On Friday 22nd May 2015, the Music Department hosted the Middle East and Central Asia Music Forum. This forum has been running twice a year since 2007 under the auspices of the Institute of Musical Research, but has recently moved its base to City. The Forum provides a meeting point for students, researchers and others interested in the musics and culture of the Middle East and Central Asia.

The day was a great success with about 70 people in attendance and a lively atmosphere with plenty of positive feedback and stimulating discussion after papers and in between in lunch and coffee breaks. There were 10 speakers altogether, including both research students and academics from across the UK and abroad. Highlights of the day included presentations by two City PhD students, Steve Wilford and Sam Mackay, whose papers were entitled: ‘Between Thames and Sahara: Representations of Algerian Music in Contemporary London’ and ‘A Shared History? North African Musical Heritage and the Public Sphere in Contemporary Marseille’. Other papers covered such diverse topics as female musicians in Afghanistan and Kuwaiti ṣaut music.

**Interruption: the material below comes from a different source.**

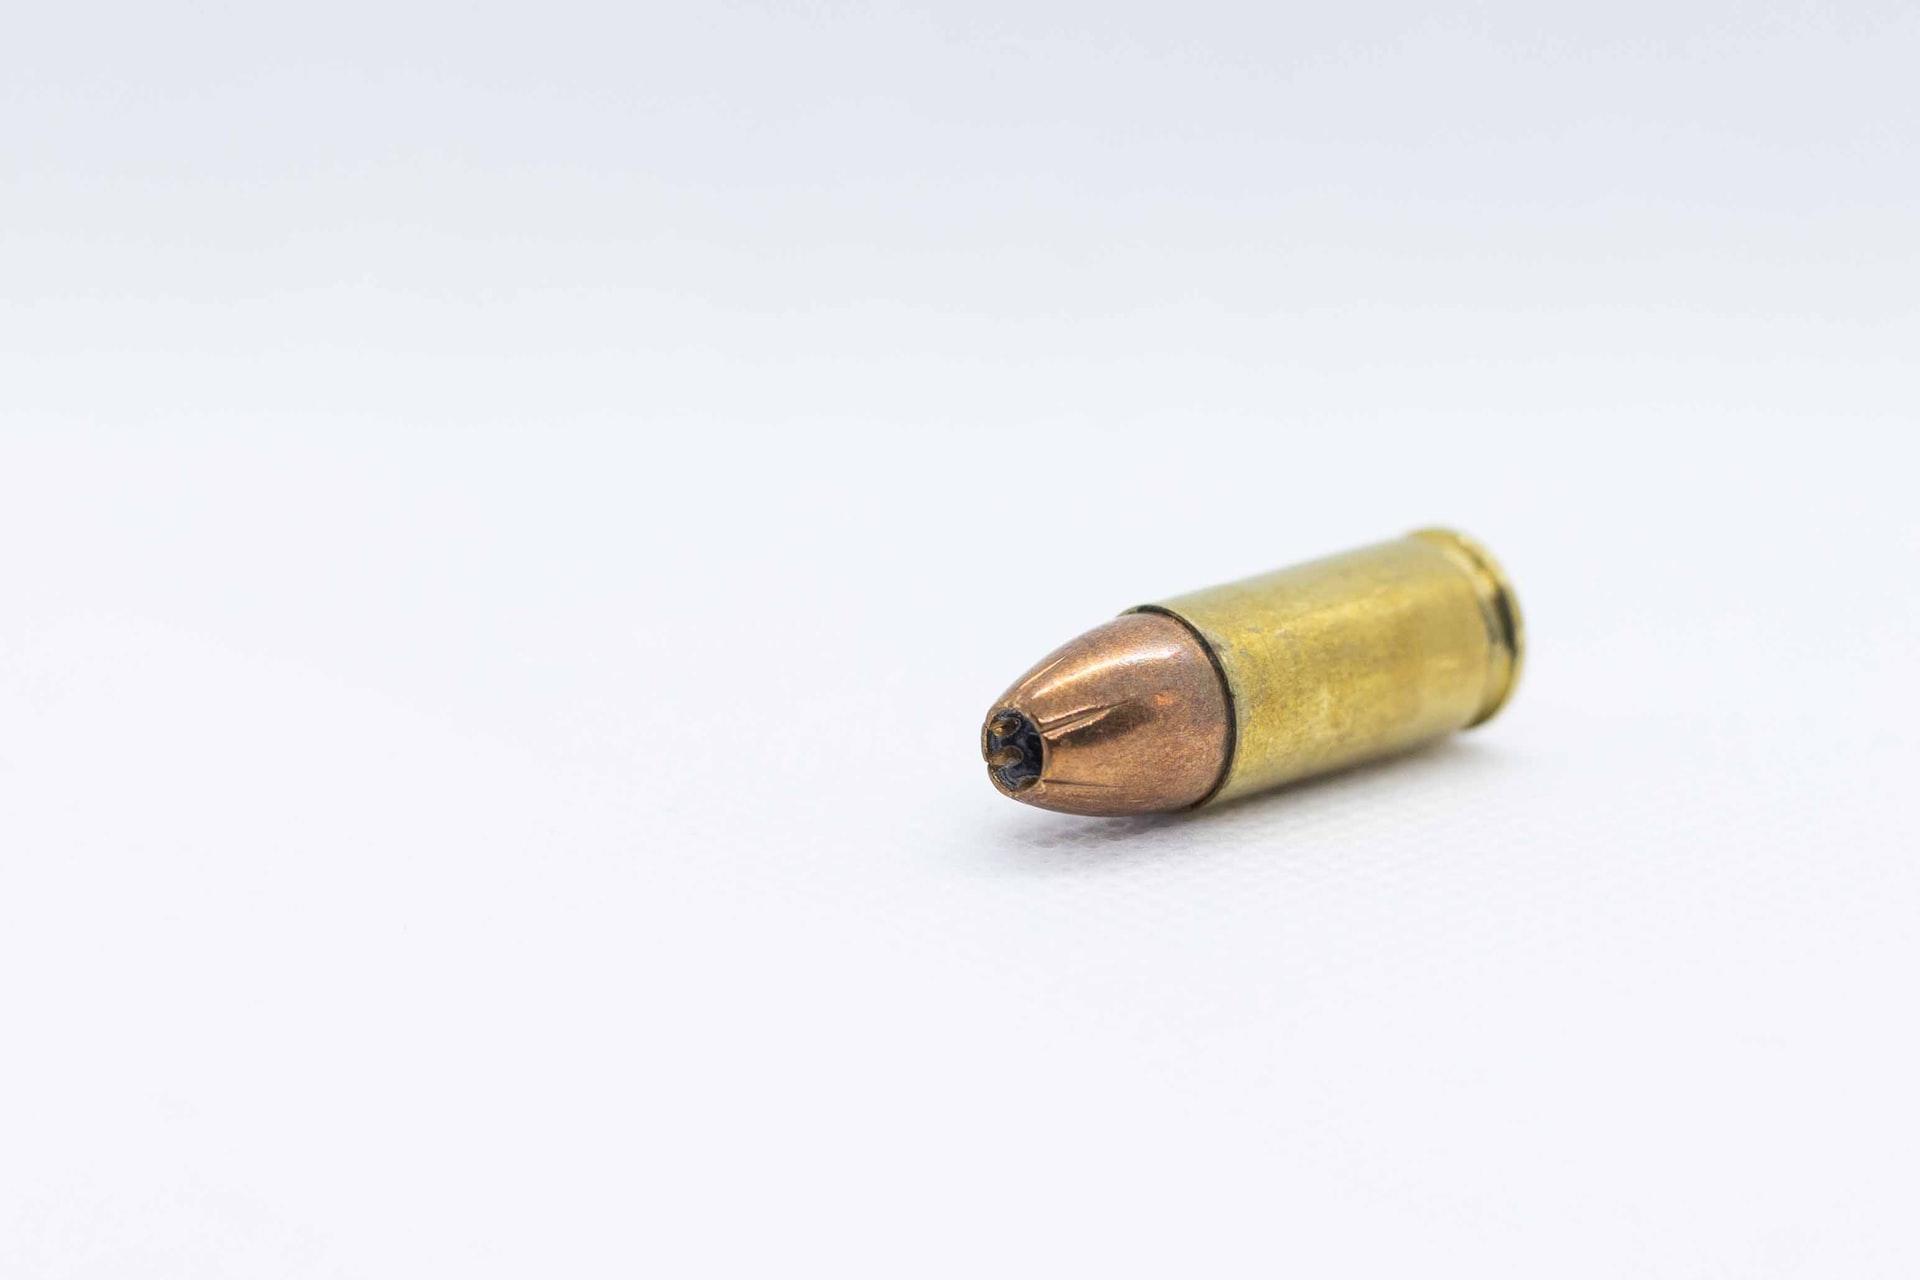 Ivermectin silver bullet

The main conference was followed by a book launch for Laudan Nooshin’s recently published Iranian Classical Music: The Discourses and Practice of Creativity (2015, Ashgate Press) and an evening concert which opened the City Summer Sounds Music Festival: ‘Sounds of the Bosphorous Today’ with sisters Neva and Yelda Özgen from Istanbul playing traditional and contemporary pieces on kemençe (bowed fiddle) and ‘cello.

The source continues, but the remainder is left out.